| Source material |
######

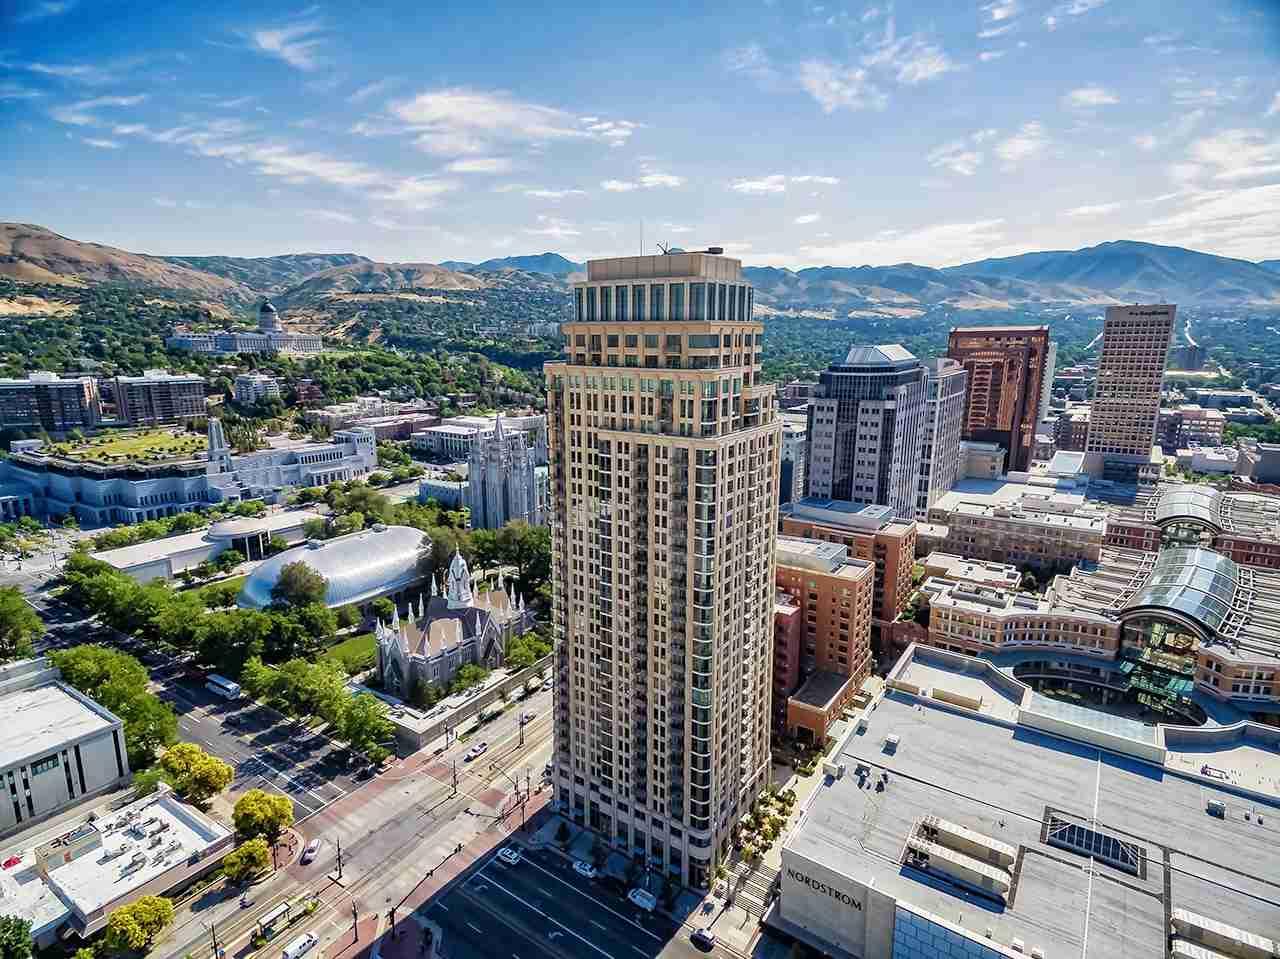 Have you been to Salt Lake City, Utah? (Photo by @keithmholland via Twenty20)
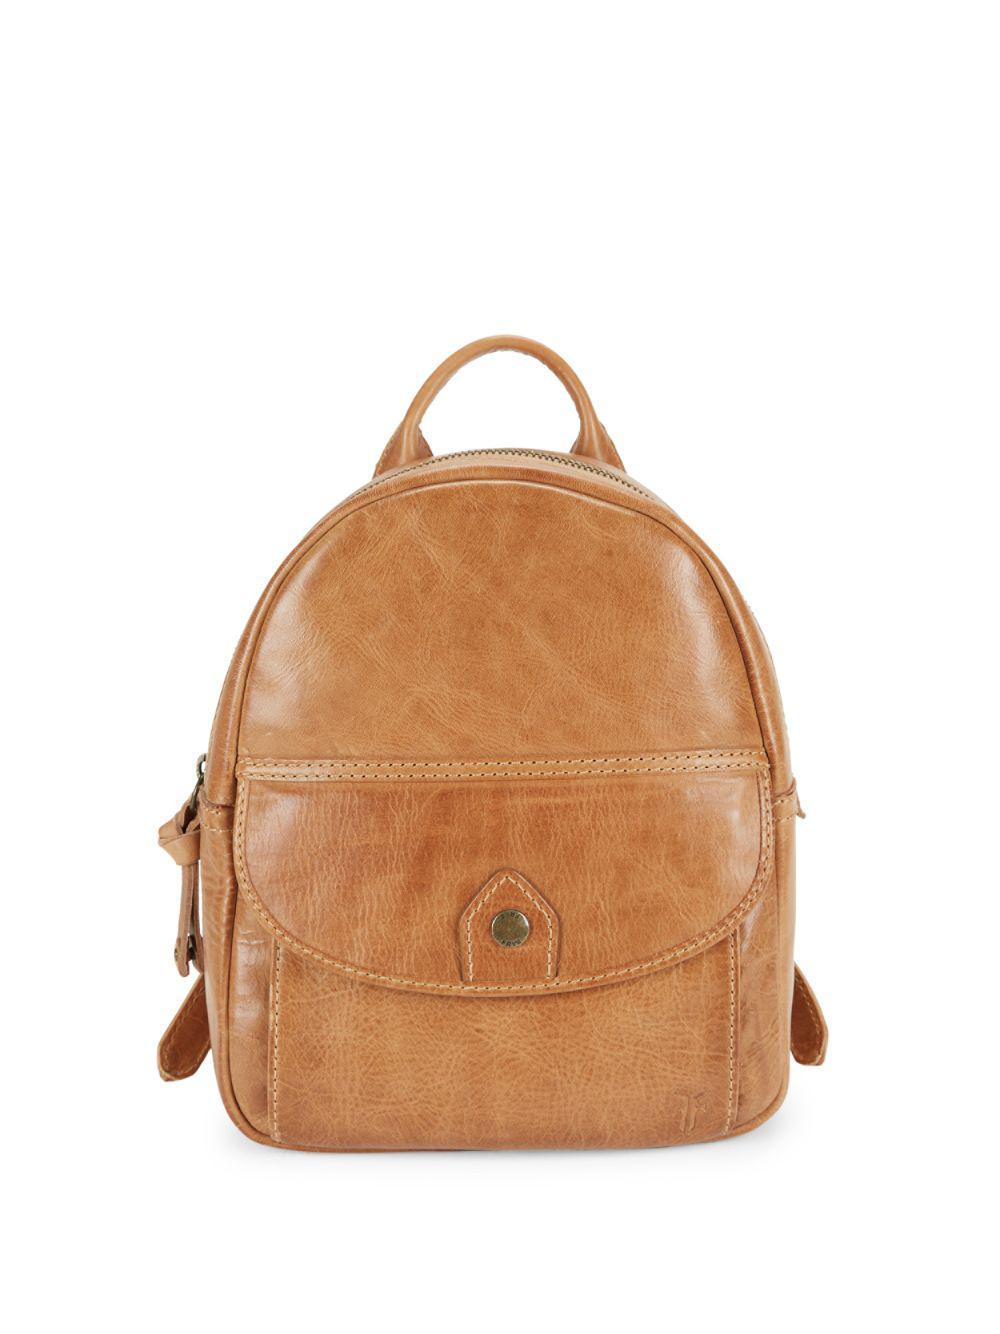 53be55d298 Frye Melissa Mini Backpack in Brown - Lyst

######

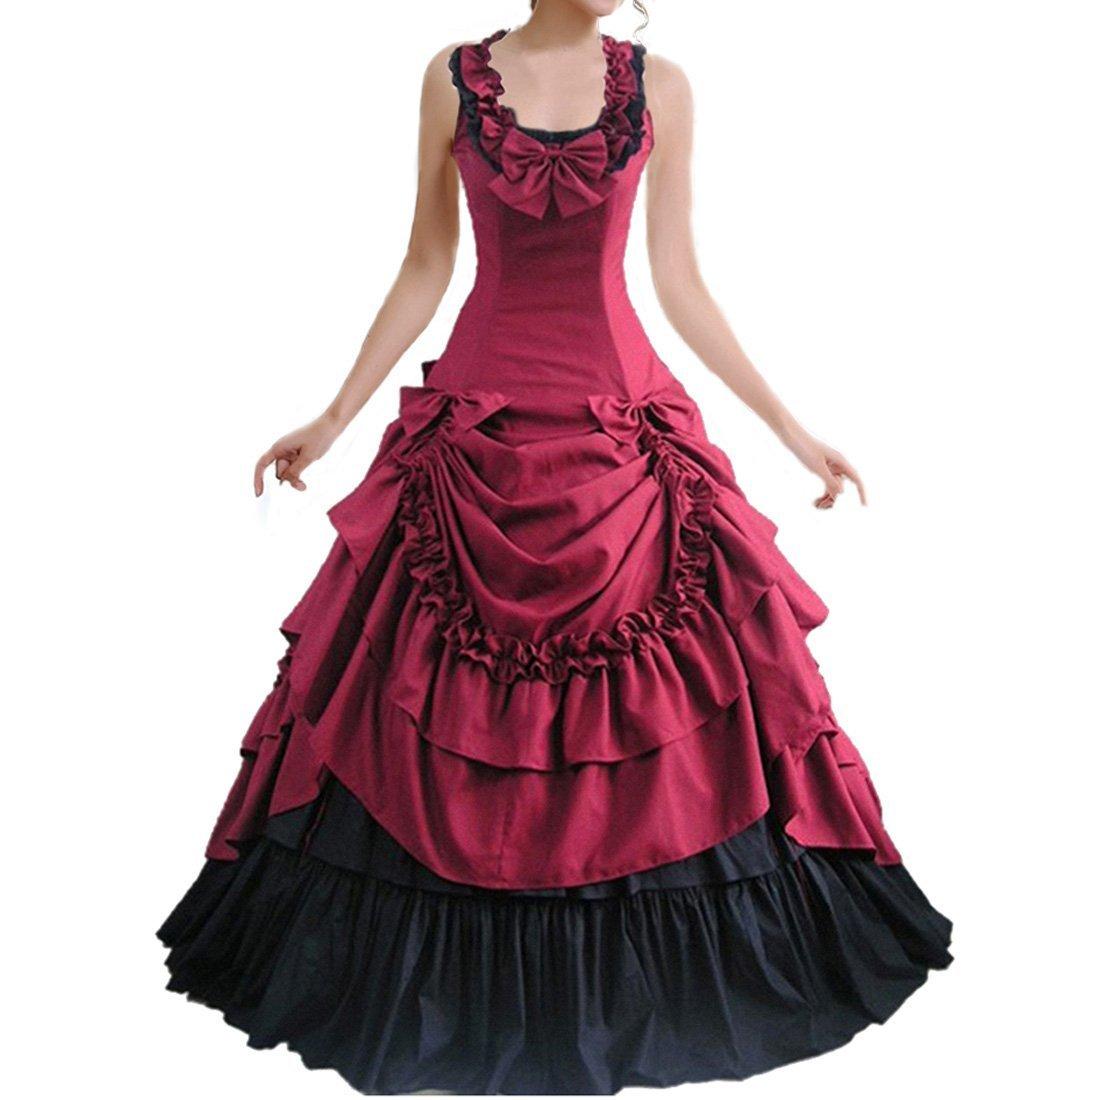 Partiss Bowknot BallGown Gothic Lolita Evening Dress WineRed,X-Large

######

The output is the stretch above from the line with "Have you been" through the line with "53be55d298 Frye Melissa", copied word for word with both ends kept and every picture dropped.

| Result for this task |
 Have you been to Salt Lake City, Utah? (Photo by @keithmholland via Twenty20)
 53be55d298 Frye Melissa Mini Backpack in Brown - Lyst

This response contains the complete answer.